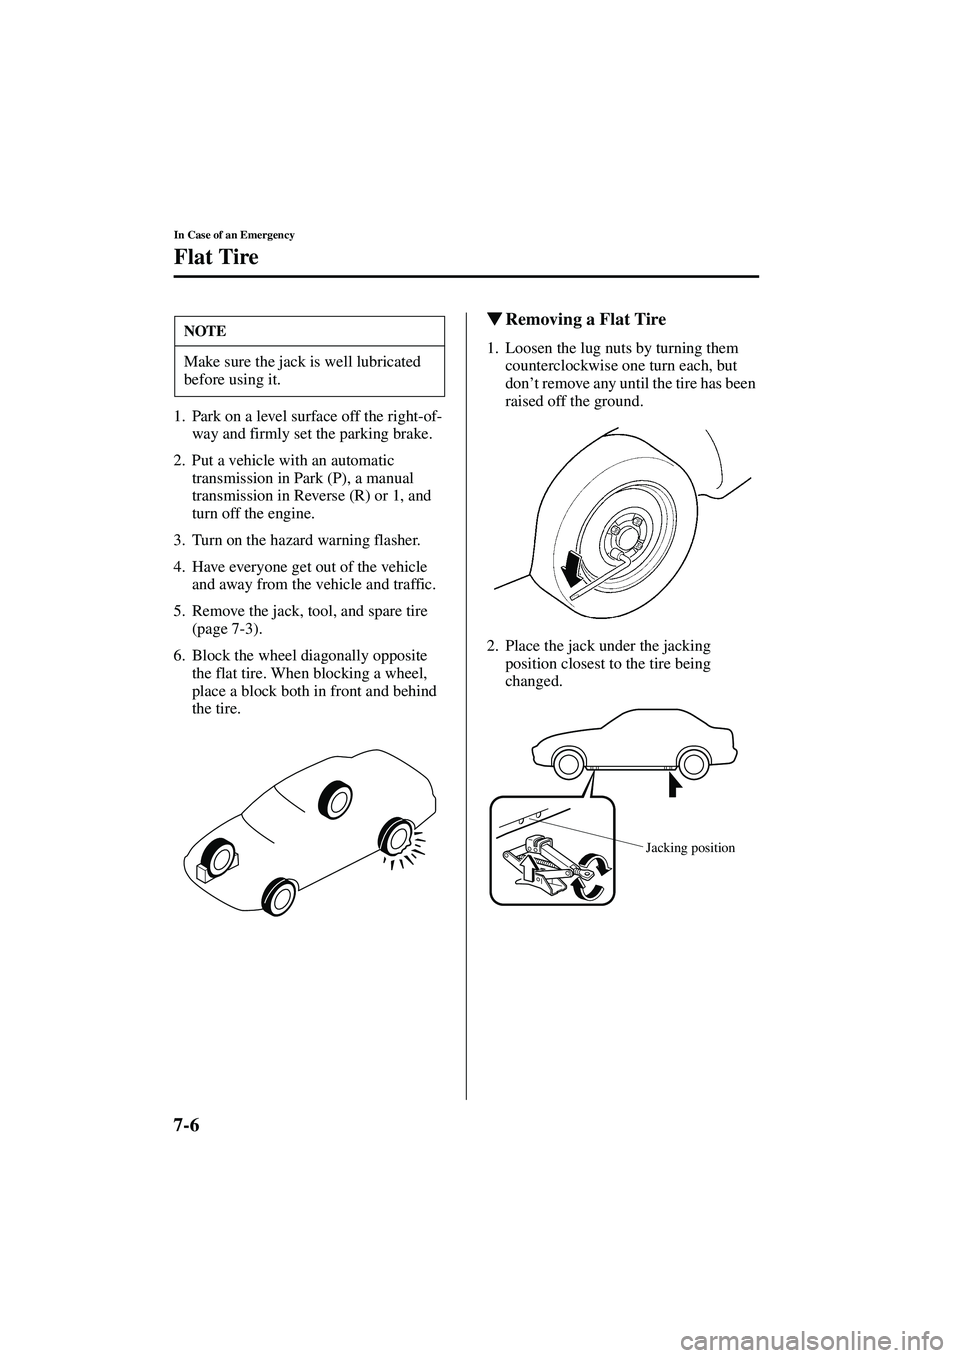 MAZDA MODEL MX-5 MIATA 2003  Owners Manual 7-6
In Case of an Emergency
Flat Tire
Form No. 8R09-EA-02G
1. Park on a level surface off the right-of-way and firmly set the parking brake.
2. Put a vehicle with an automatic  transmission in Park (P
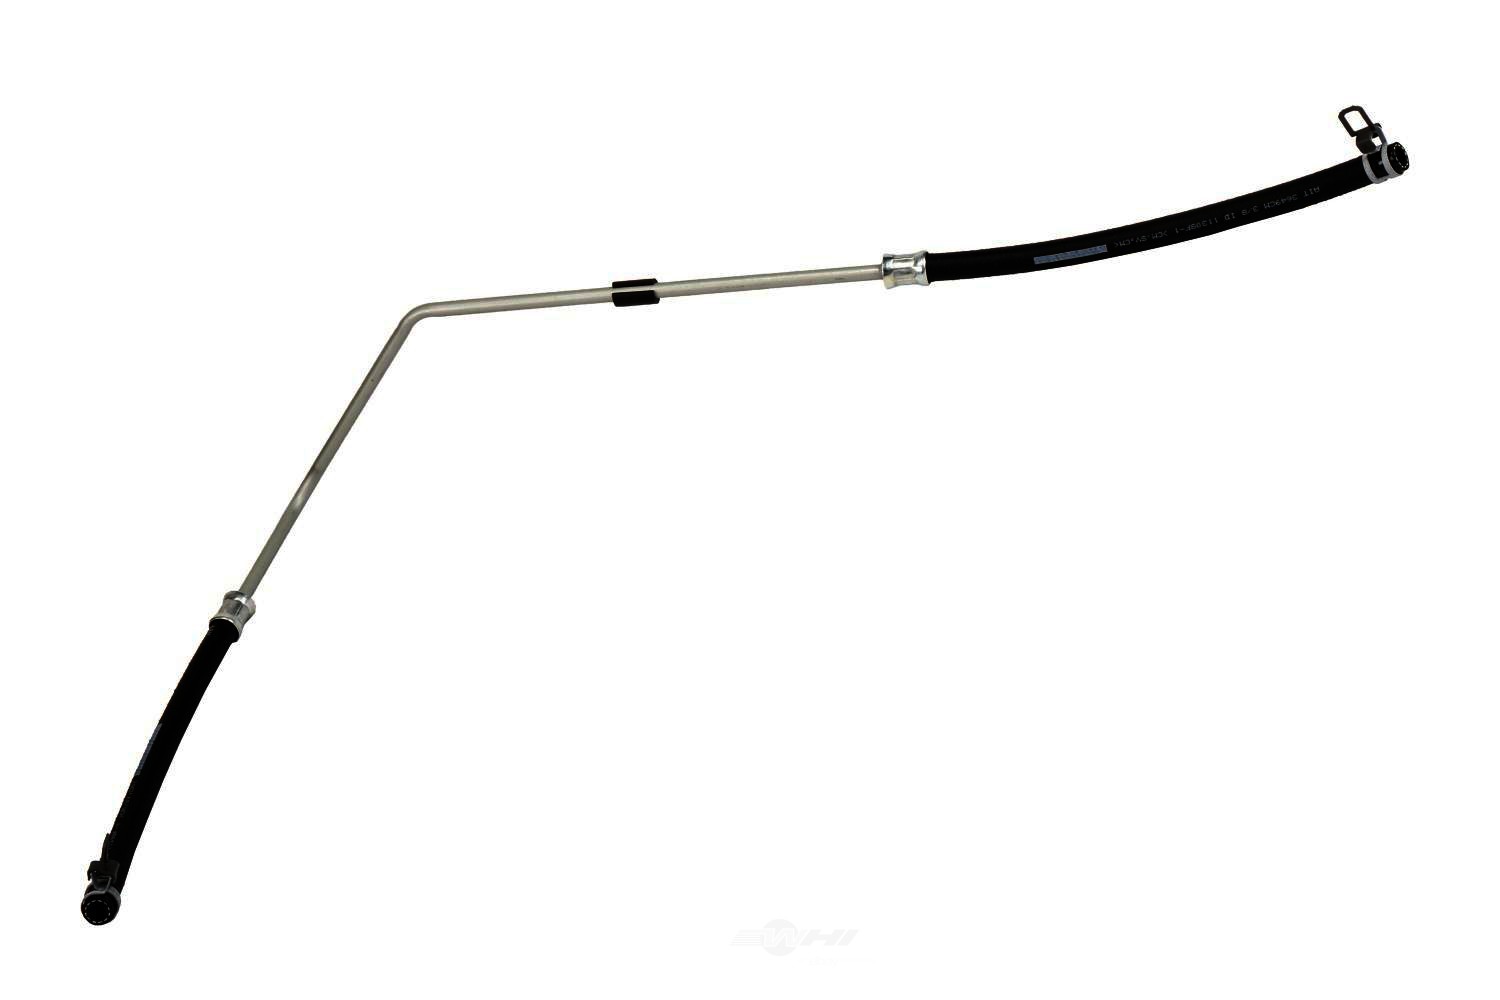 GM GENUINE PARTS CANADA - Power Steering Return Line Hose Assembly - GMC 26087520
════════════════
Your task >> Your answer must be an exact copy of every entry, with no pictures in it.

Response to this exercise >>
 MAZDA MODEL MX-5 MIATA 2003  Owners Manual 7-6
In Case of an Emergency
Flat Tire
Form No. 8R09-EA-02G
1. Park on a level surface off the right-of-way and firmly set the parking brake.
2. Put a vehicle with an automatic  transmission in Park (P
 GM GENUINE PARTS CANADA - Power Steering Return Line Hose Assembly - GMC 26087520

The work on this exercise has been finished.